TO DO:
Pictures in the material below are to be left out, and only the lines from the line with "Calvin Klein｜CALVIN KLEIN" up to and including the line with "panorama viaje tarjeta" are to be written out exactly.

DATASET EXTRACT:
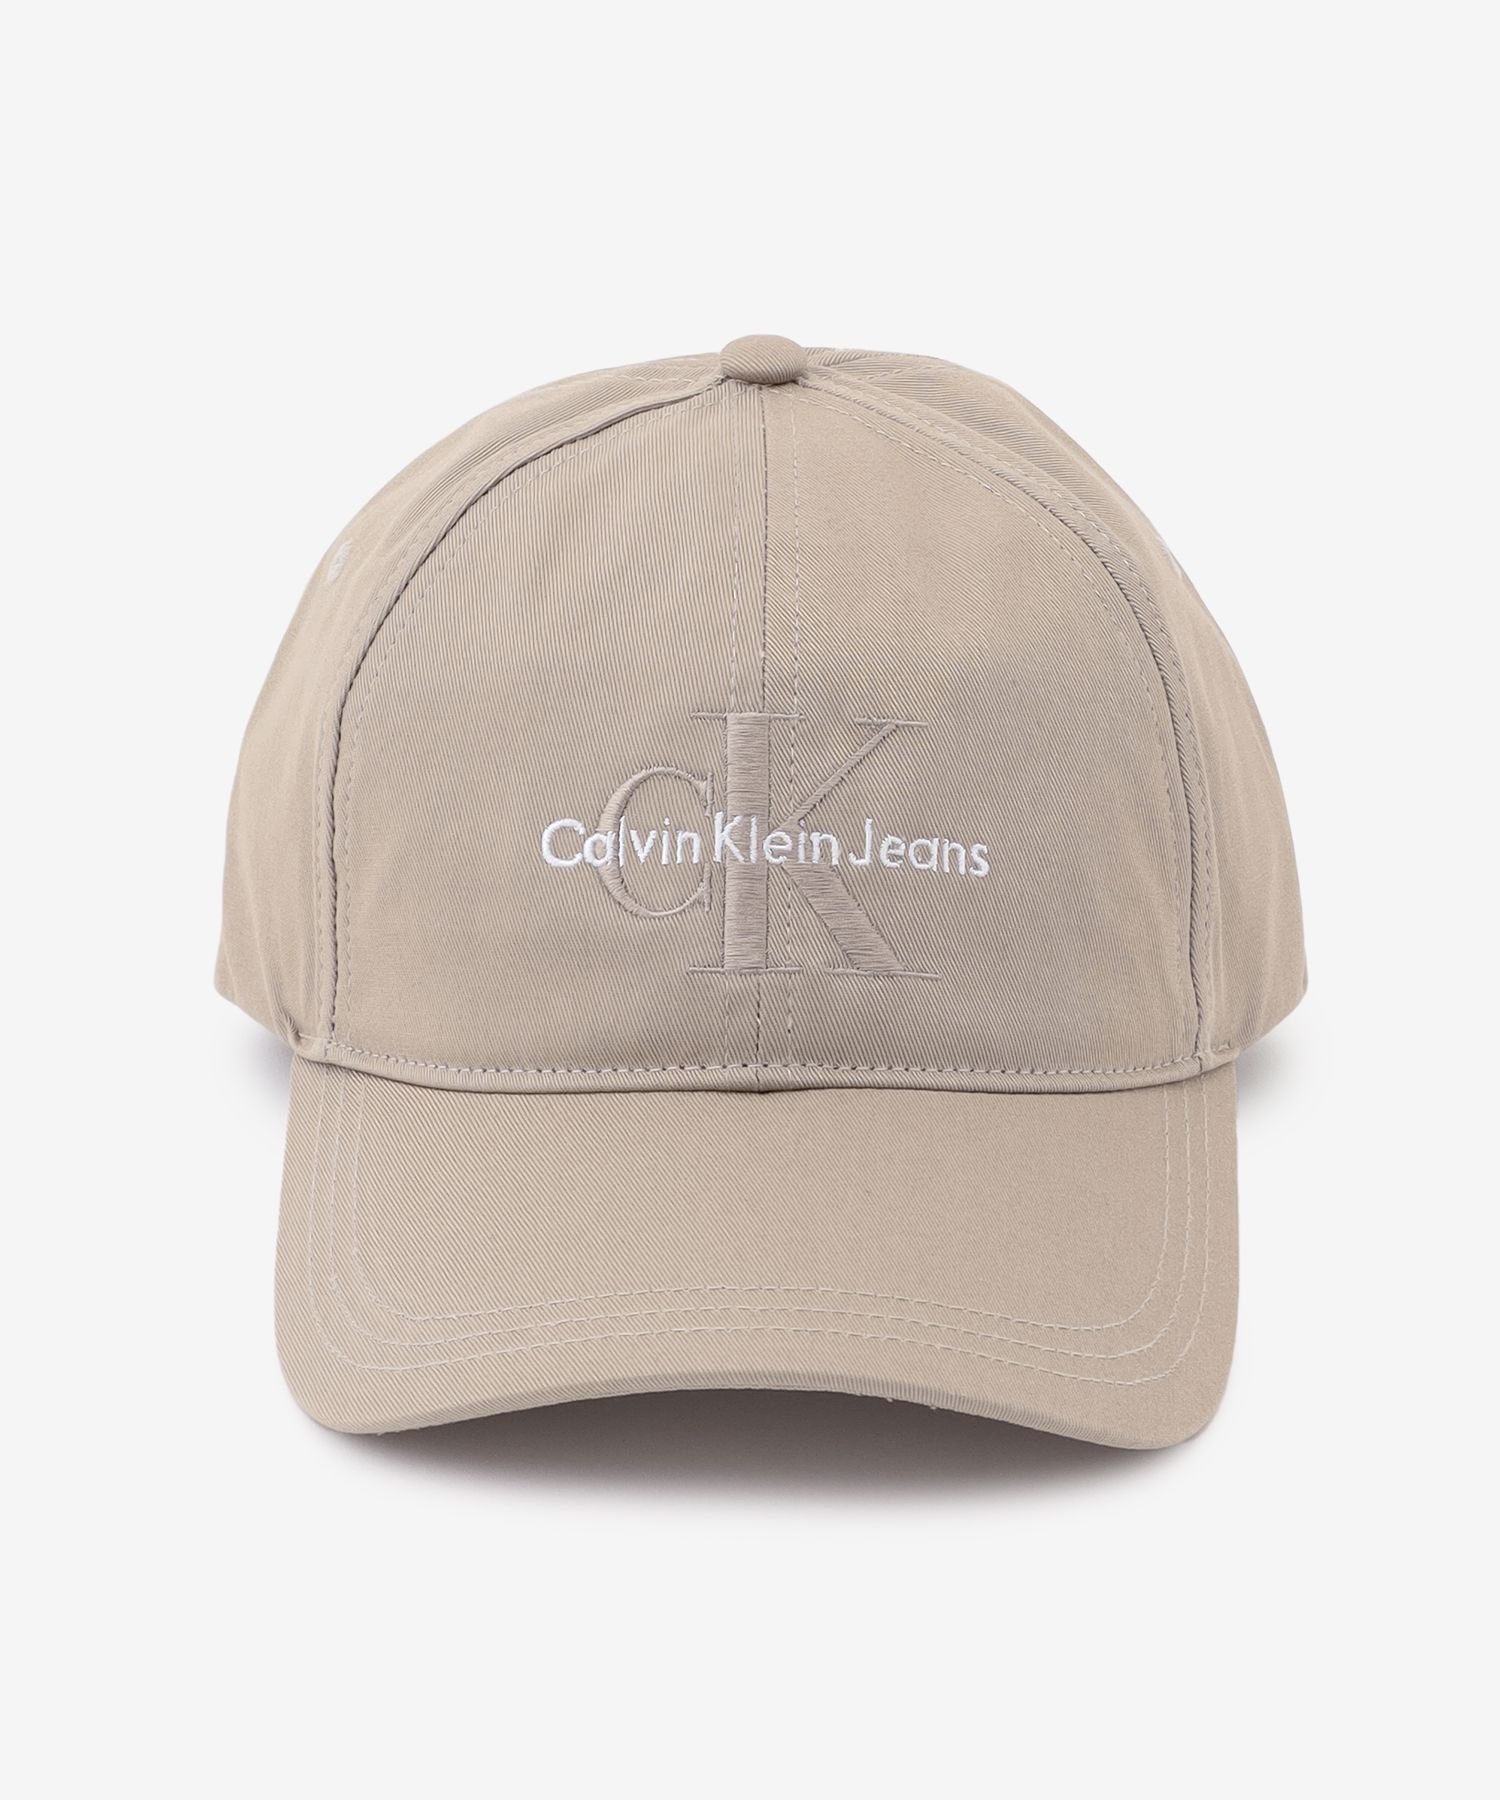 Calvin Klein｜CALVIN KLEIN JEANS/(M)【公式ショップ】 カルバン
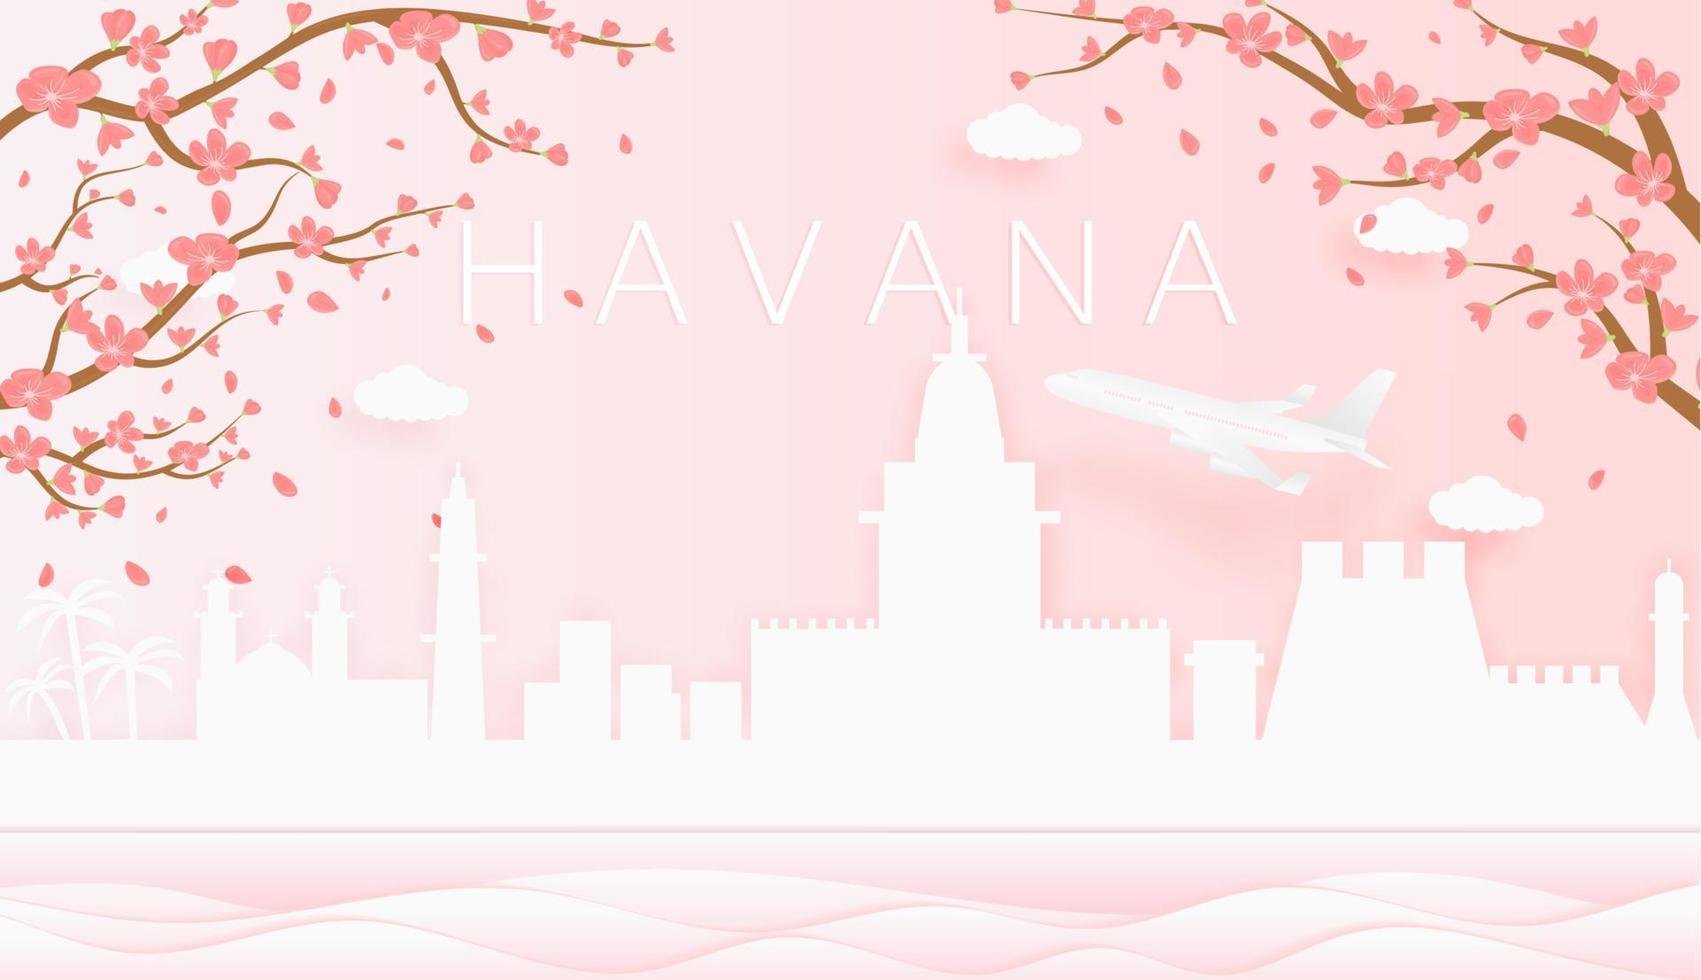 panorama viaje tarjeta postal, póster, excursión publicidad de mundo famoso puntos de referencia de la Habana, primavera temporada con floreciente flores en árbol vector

...

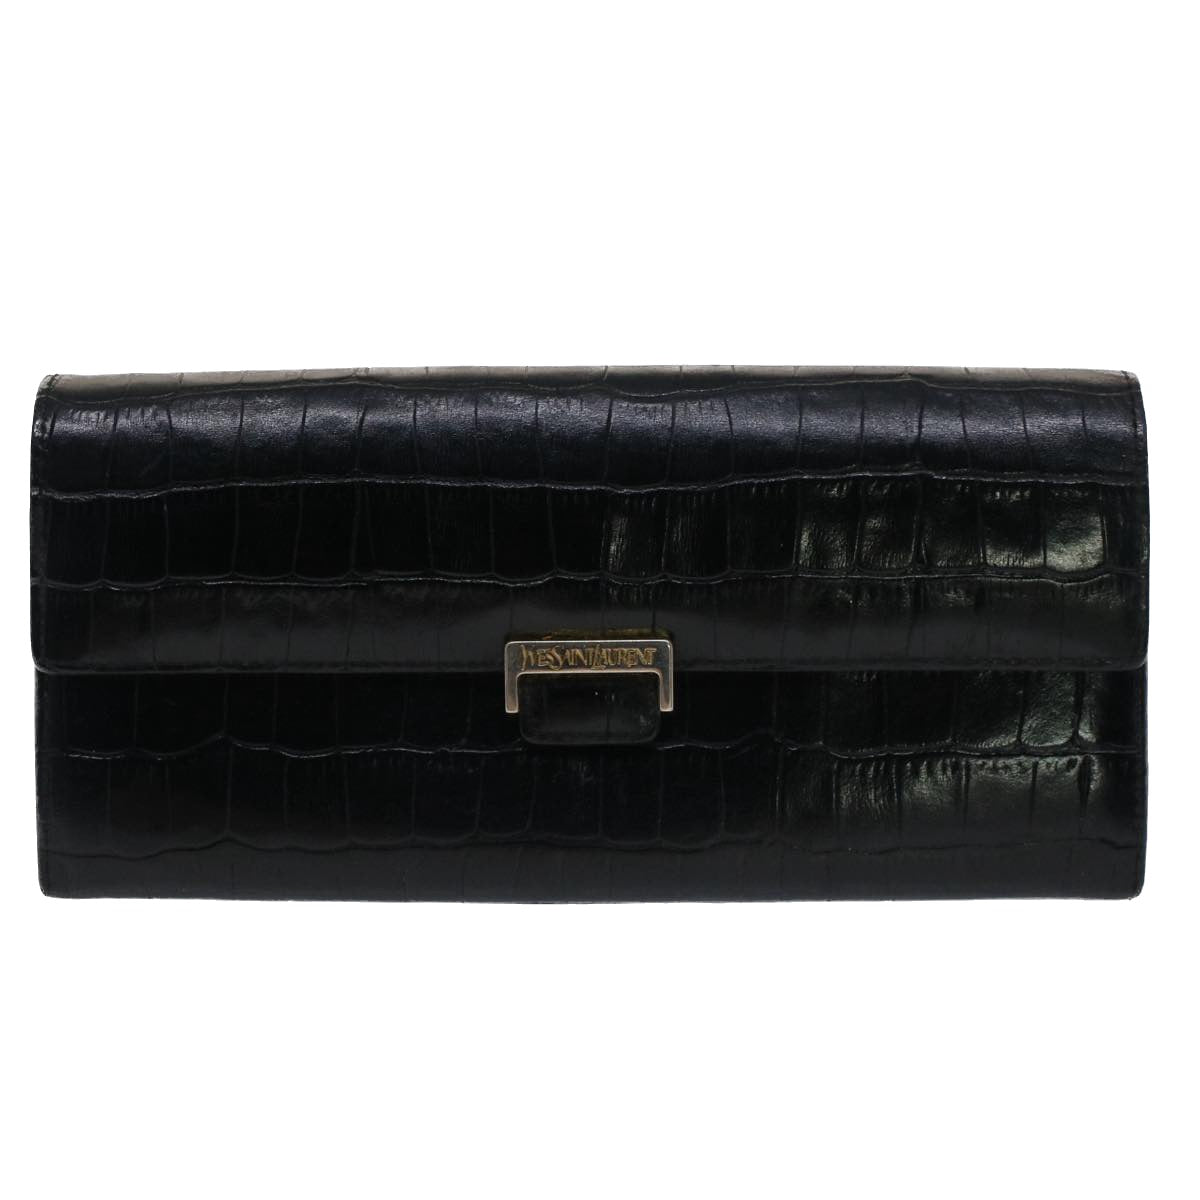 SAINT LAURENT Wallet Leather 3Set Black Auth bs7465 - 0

==

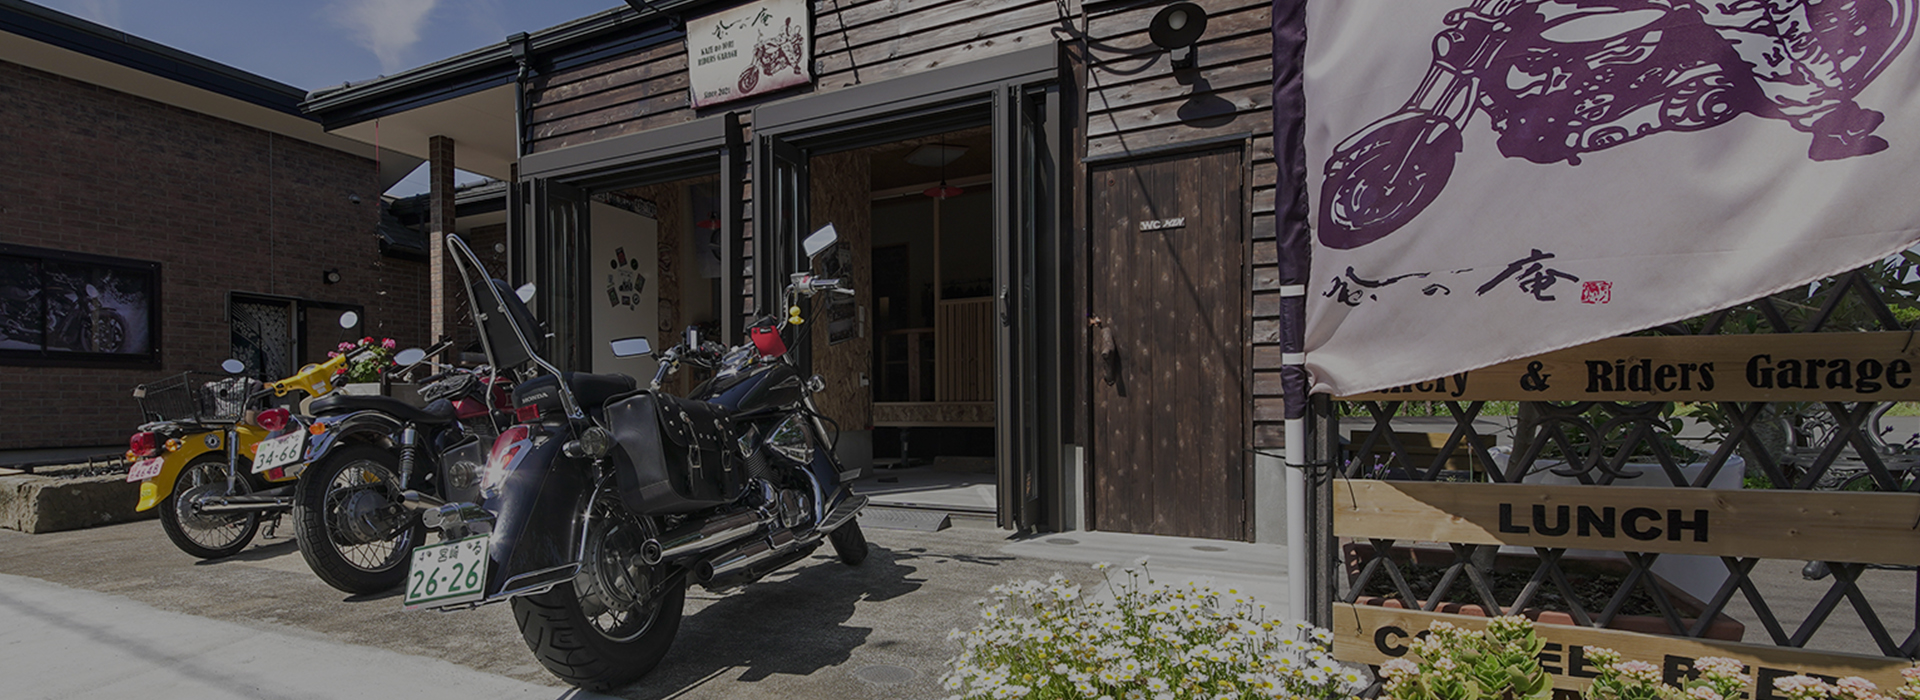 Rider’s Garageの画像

RESULT OF THIS TASK:
 Calvin Klein｜CALVIN KLEIN JEANS/(M)【公式ショップ】 カルバン
 panorama viaje tarjeta postal, póster, excursión publicidad de mundo famoso puntos de referencia de la Habana, primavera temporada con floreciente flores en árbol vector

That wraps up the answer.